Geplanter Ausbau der Bonner Radwege
    2009: Leinpfad/Römerbad: Wege zu schmal für Rad- und Fußgängerverkehr (Kosten: 24 00 Euro); Geislarstraße (Vilicher Bach) Hochbord in der Wegezufahrt (2 000 Euro); Rheinallee/UbierStraße/Von-Sandt-Ufer und Rheinallee/Bahnunterführung: Netzlücken (2 500 bzw. 1 000 Euro); Meckenheimer/Hagenstraße Zufahrt ins Wohngebiet gegenüber zu unsicher (4 500 Euro).

    Folgejahre:
    BONN: Hohe/Schlesienstraße: keine Führung für Radler an der Kreuzung (50 000 Euro) und Netzlücke Hohe Straße/Am Ringwall (28 500 Euro). Thomastraße/Am Alten Friedhof: Netzlücke, fehlende Überquerungsmöglichkeit (115 000 Euro). Soennecken-/Brühler Straße/Lievelingsweg: Radwegführung hinter parkenden Autos (30 000). Potsdamer Platz/Lievelingsweg: Netzlücke (110 000 Euro).

    BEUEL: Siegaue/ Parkplatz Siegfähre/Nordbrücke: Netzlücke, Verbesserung der Verkehrssicherheit (57 000 Euro)

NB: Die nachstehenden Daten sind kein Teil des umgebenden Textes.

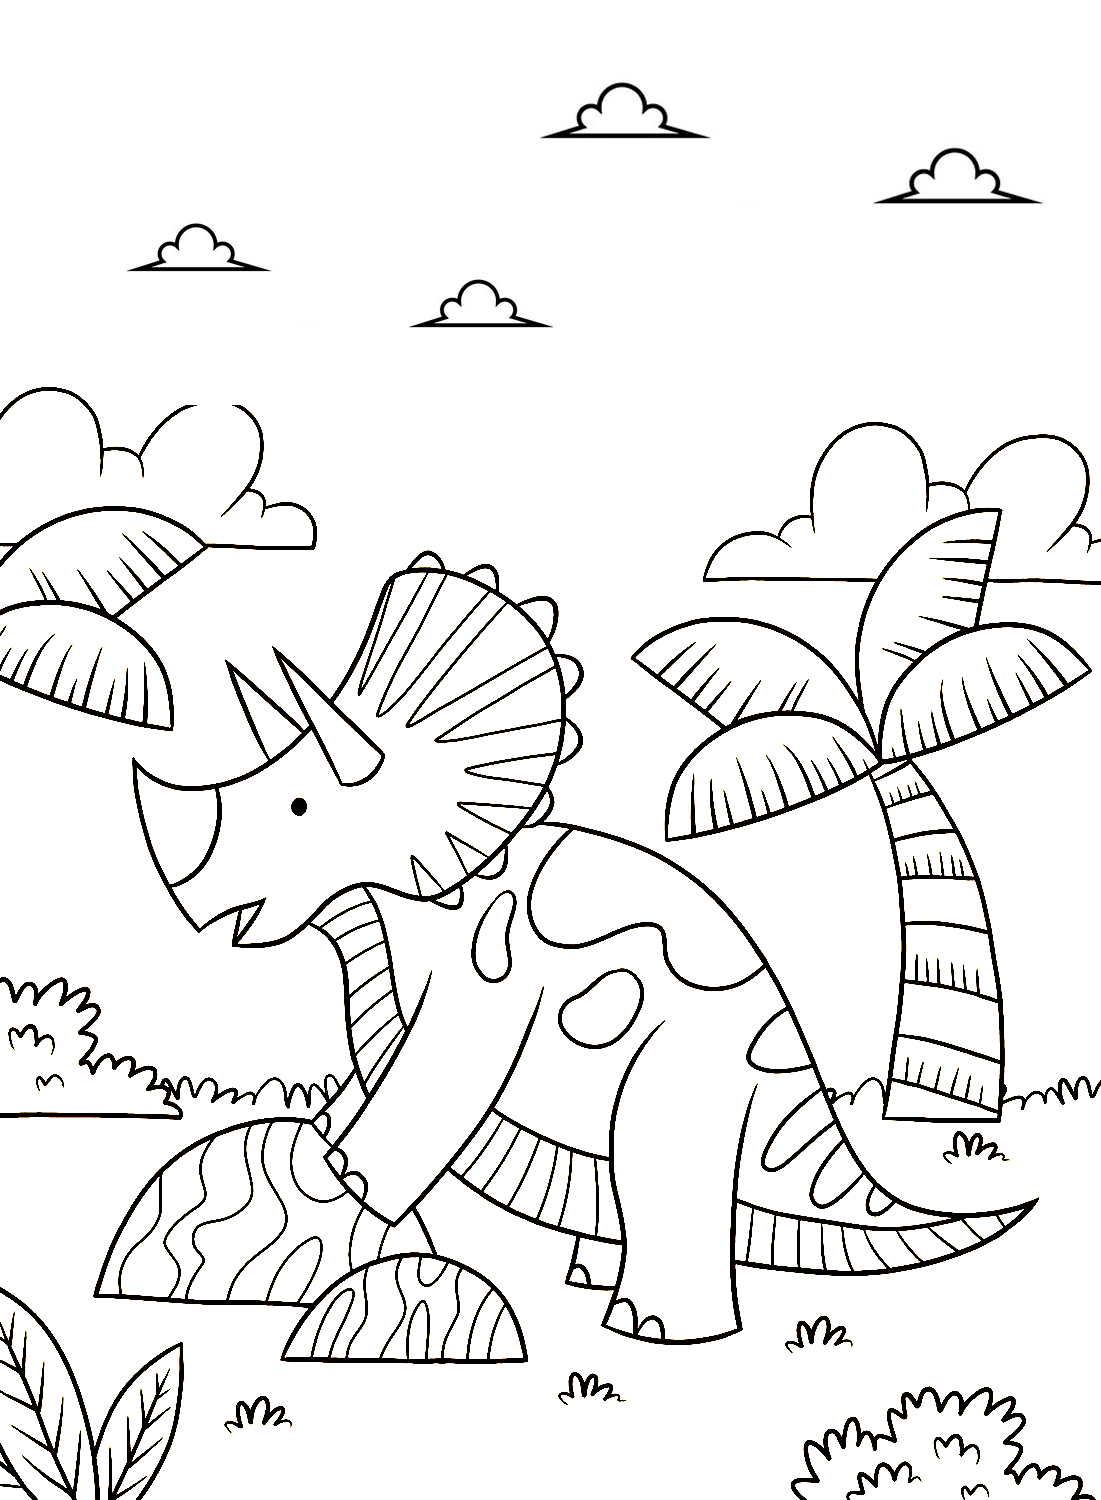 Páginas para colorir de Triceratops para imprimir de Triceratops

    HARDTBERG: Am Burgweiher/Rochusstraße/Maarweg: Netzlücke (12 000 Euro) und Bau einer Überquerung (37 000 Euro). An der Ohligsmühle/Schallengasse: Netzlücke (12 000 Euro).

    BAD GODESBERG: Zander-/H.-Böckler-/A.-Magnus-Straße: Unkom fortable Führung (20 000 Euro). Max-Planck-/Rhodos-/A.-Magnus-Straße: Führung im Seitenraum zu schmal (6 000 Euro).
Zahlen und Daten
    Etwa 250 Kilometer Radwege hat Bonn, die Hälfte davon als ausgebaute Wege, der Rest beschildert oder markiert. Damit hat fast ein Drittel aller Straßen Radwege. Sie sind teils touristisch ausgeschildert zum Beispiel als Museumsroute oder Rheindorfer Route. Außerdem gibt es den Erlebnisweg Rheinschiene. Es gibt eine umfangreiche Beschilderung dieser Routen.

    Die Schutzstreifen auf Bonner Straßen sind rund zwölf Kilometer lang, der erste wurde im Mai 1992 auf der Meckenheimer Allee abmarkiert. Es gibt mehr als 4 400 Fahrradständer. Im Juni 2000 wurde hinter dem Hauptbahnhof eine Radstation für 330 Räder eingeweiht, die fast zu 100 Prozent ausgelastet ist. Langfristig ist am Bahnhof eine "große Lösung" mit rund 1 000 Abstellplätzen geplant. Den Anteil des Radverkehrs bei der Verkehrsmittelwahl gibt die Arbeitsgemeinschaft fahrradfreundlicher Städte mit 17 Prozent an.